Based on the above-mentioned analysis of research on VPP and generalized energy storage, relatively mature results had been achieved in their respective fields. But there were few research contents that comprehensively considered the combination of distributed energy and generalized energy storage as well as the operation optimization in multiple markets. Most studies rarely designed carbon trading markets. The aforementioned issues are resolved by a VPP model based on generalized energy storage and its operation optimization under the multi-market coordination of electricity-heat-gas-carbon are studied and constructed. The innovation of the research lies in the comprehensive consideration of the system function of virtual energy storage and electric energy storage. So the two can work together under the generalized energy storage framework. In addition, the stabilizing effect of the generalized energy storage on the uncertainty of renewable energy such as the peak-shaving and valley filling effect on load fluctuation were fully considered. And the processing strategies of the virtual energy storage and electric energy storage in the generalized energy storage were fully studied in the case of separate access and simultaneous access.

3. Building a virtual power plant operation optimization model based on universal energy storage

3.1 Construction of the virtual power plant’s source layer equipment model

Due to the expansion of globalization, environmental pollution and energy shortages are becoming more and more serious, and countries around the world urgently need to use renewable energy to survive the critical transition period. VPP can use digital technology to achieve rapid transformation.

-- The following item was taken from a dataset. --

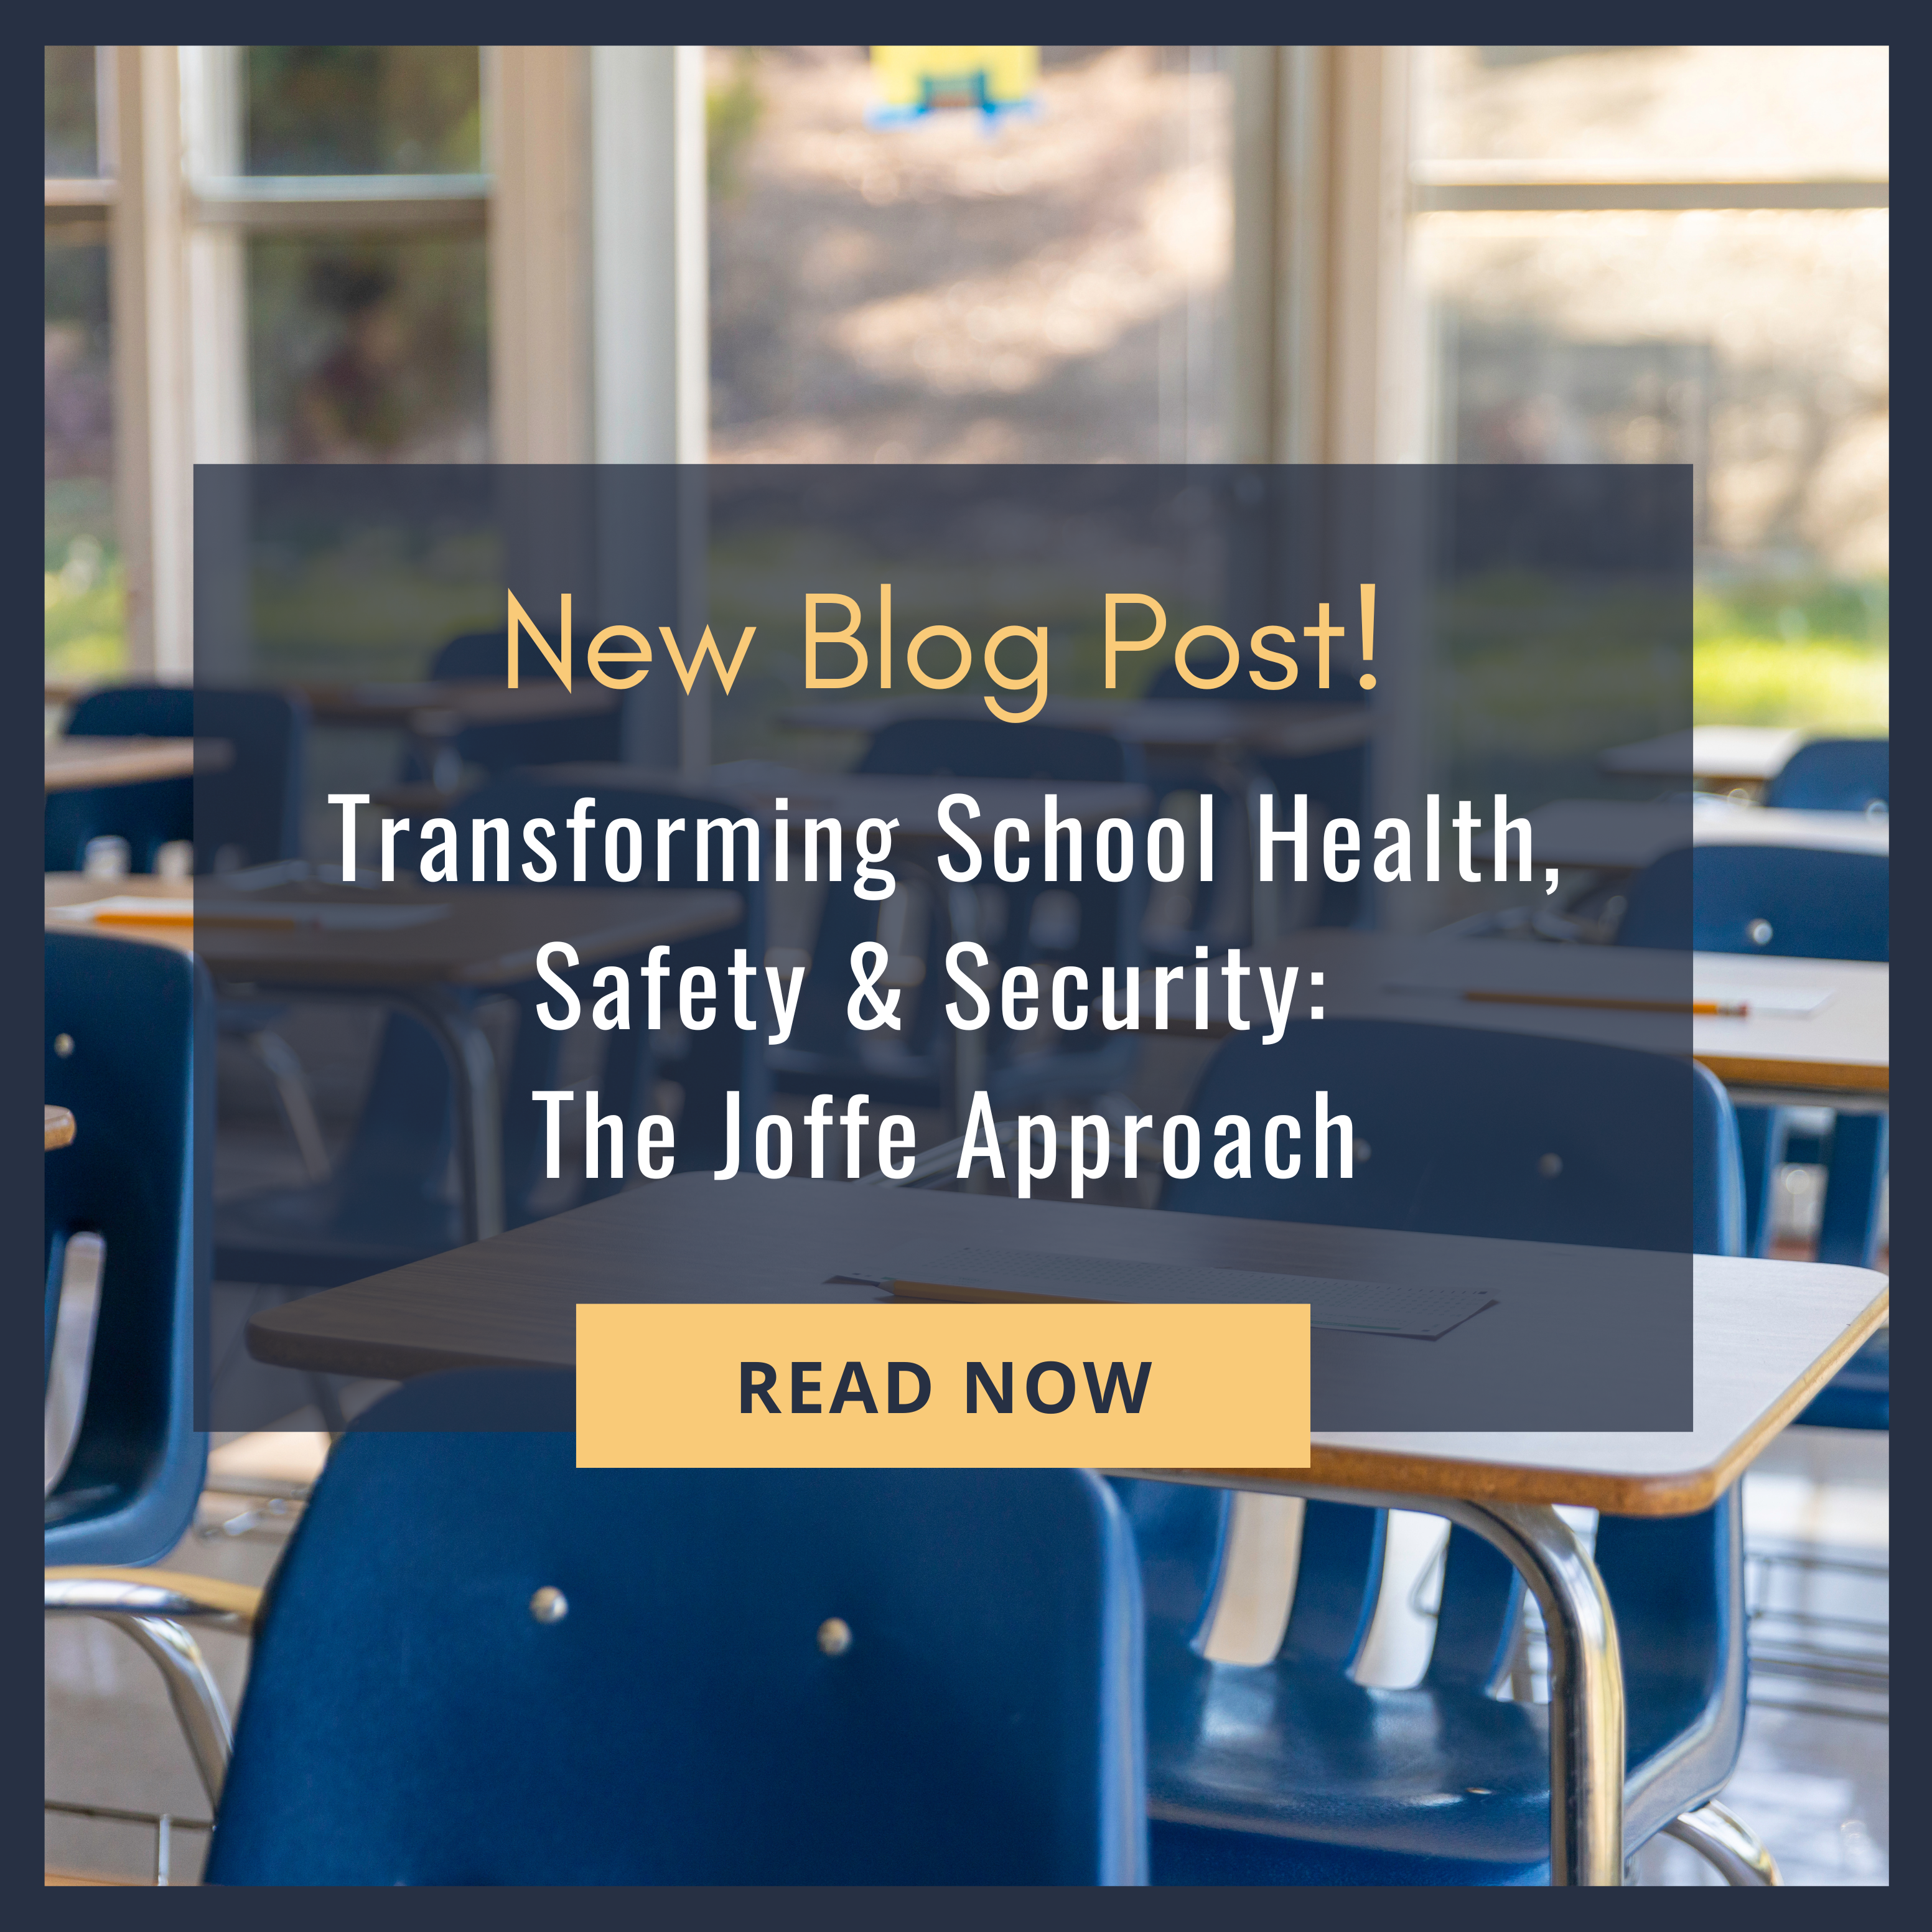 Transforming School Health, Safety & Security: The Joffe Approach

It is a distributed power plant based on cloud technology. Through high-level software architecture, digital communication, control and other technologies can be used to realize the limited aggregation of various distributed equipment. For example, it includes methods for allocating energy and energy storage, realizing energy exchange, and sharing and optimizing configuration [15]. Its overall structure operates as shown in Fig. 1.

Figure 1.

Virtual power plant operation structure.

At present, China is vigorously developing wind power generation. Models for wind power generation most frequently employ the Doubly Fed Induction Generator (DFIG) [16]. The wind turbine begins to produce energy when the wind speed exceeds the cut-in wind speed, allowing it to attain the rated power, which is the rated wind speed. And if the wind speed does not satisfy the parameters, it is the cut-out wind speed. See Eq. (1) for the relationship between wind turbine forecast output $P_{\textit{winp}}$ and wind speed forecast value $v_{w}$ .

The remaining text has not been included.